404 link to "documentation" not found. – Pradeep Singh Mar 23 '20 at 06:53 — Pradeep Singh, Mar 23 '20 at 06:53

score 186 · Accepted Answer · edited Nov 13 '17 at 08:59

TL;DR Despite their similar names, these arguments have quite difference meanings. The buffer_size in Dataset.shuffle() can affect the randomness of your dataset, and hence the order in which elements are produced. The buffer_size in Dataset.prefetch() only affects the time it takes to produce the next element.

The buffer_size argument in tf.data.Dataset.prefetch() and the output_buffer_size argument in tf.contrib.data.Dataset.map() provide a way to tune the performance of your input pipeline: both arguments tell TensorFlow to create a buffer of at most buffer_size elements, and a background thread to fill that buffer in the background. (Note that we removed the output_buffer_size argument from Dataset.map() when it moved from tf.contrib.data to tf.data. New code should use Dataset.prefetch() after map() to get the same behavior.)

Adding a prefetch buffer can improve performance by overlapping the preprocessing of data with downstream computation. Typically it is most useful to add a small prefetch buffer (with perhaps just a single element) at the very end of the pipeline, but more complex pipelines can benefit from additional prefetching, especially when the time to produce a single element can vary.

By contrast, the buffer_size argument to tf.data.Dataset.shuffle() affects the randomness of the transformation. We designed the Dataset.shuffle() transformation (like the tf.train.shuffle_batch() function that it replaces) to handle datasets that are too large to fit in memory. Instead of shuffling the entire dataset, it maintains a buffer of buffer_size elements, and randomly selects the next element from that buffer (replacing it with the next input element, if one is available). Changing the value of buffer_size affects how uniform the shuffling is: if buffer_size is greater than the number of elements in the dataset, you get a uniform shuffle; if it is 1 then you get no shuffling at all. For very large datasets, a typical "good enough" approach is to randomly shard the data into multiple files once before training, then shuffle the filenames uniformly, and then use a smaller shuffle buffer. However, the appropriate choice will depend on the exact nature of your training job.
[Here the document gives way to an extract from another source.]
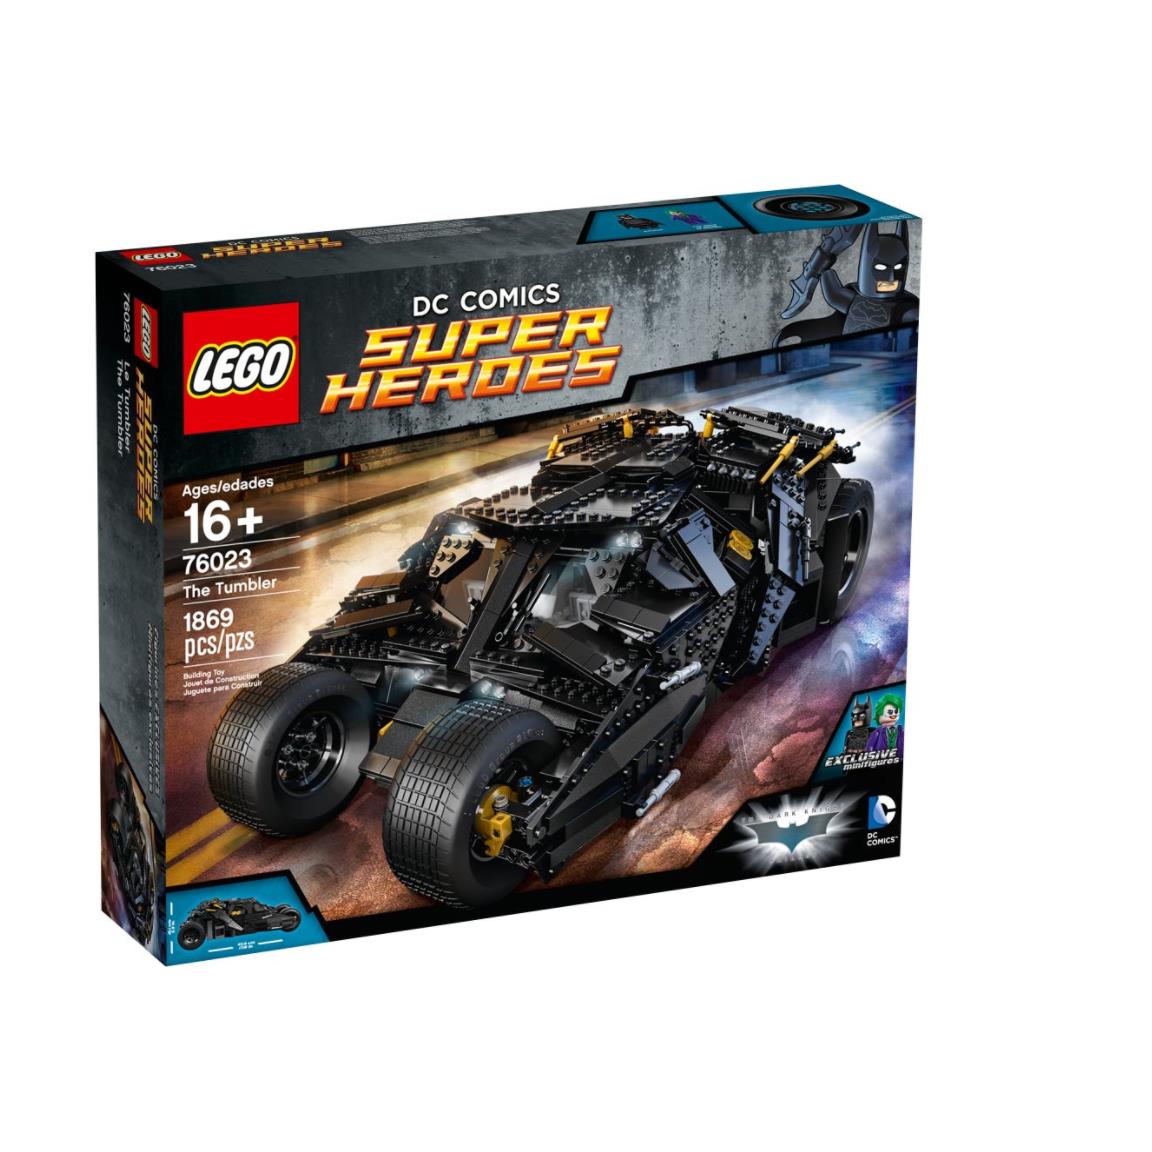 DC Super Heroes Lego - 76023 The Tumbler

For this explanation, I still have some confusions w.r.t `tf.data.Dataset.shuffle()`. I would like to know the exact shuffling process. Say, the first `batch_size` samples are randomly chosen from the first `buffer_size` elements, and so on. — Bs He, Jul 10 '18 at 21:20
@mrry IIUC shuffling filenames is important because otherwise each epoch will see the same element in batches 0...999; and in batches 1000.1999; etc., where I assume 1 file = 1000 batches. Even with filename shuffling, there's still some non-randomness: that's because the examples from file #k are all close to each other in every epoch. That might be not too bad since file #k itself is random; still in some cases, even that could mess up the training. The only way to obtain perfect shuffle would be to set `buffer_size` to equal the file size (and shuffle the files of course). — max, Jan 04 '19 at 06:45
Tensorflow rc 15.0. With `dataset.shuffle(buffer_size=1)` shuffling still occurs. Any thoughts? — Sergey Bushmanov, Sep 29 '19 at 18:44
@SergeyBushmanov it may depend on the transformation before your shuffle, e.g. list_files(), which shuffles the filenames in the begining of every epoch by default. — Xiaolong, Oct 11 '19 at 06:49

Olivier Moindrot · Answer 2 · 2018-04-06T14:27:56.240

Importance of `buffer_size` in `shuffle()`

I wanted to follow up on the previous answer from @mrry to stress the importance of buffer_size in tf.data.Dataset.shuffle().

Having a low buffer_size will not just give you inferior shuffling in some cases: it can mess up your whole training.

A practical example: cat classifier

Suppose for instance that you are training a cat classifier on images, and your data is organized in the following way (with 10000 images in each category):

train/
    cat/
        filename_00001.jpg
        filename_00002.jpg
        ...
    not_cat/
        filename_10001.jpg
        filename_10002.jpg
        ...

A standard way to input data with tf.data can be to have a list of filenames and a list of corresponding labels, and use tf.data.Dataset.from_tensor_slices() to create the dataset:

filenames = ["filename_00001.jpg", "filename_00002.jpg", ..., 
             "filename_10001.jpg", "filename_10002.jpg", ...]
labels = [1, 1, ..., 0, 0...]  # 1 for cat, 0 for not_cat

dataset = tf.data.Dataset.from_tensor_slices((filenames, labels))
dataset = dataset.shuffle(buffer_size=1000)  # 1000 should be enough right?
dataset = dataset.map(...)  # transform to images, preprocess, repeat, batch...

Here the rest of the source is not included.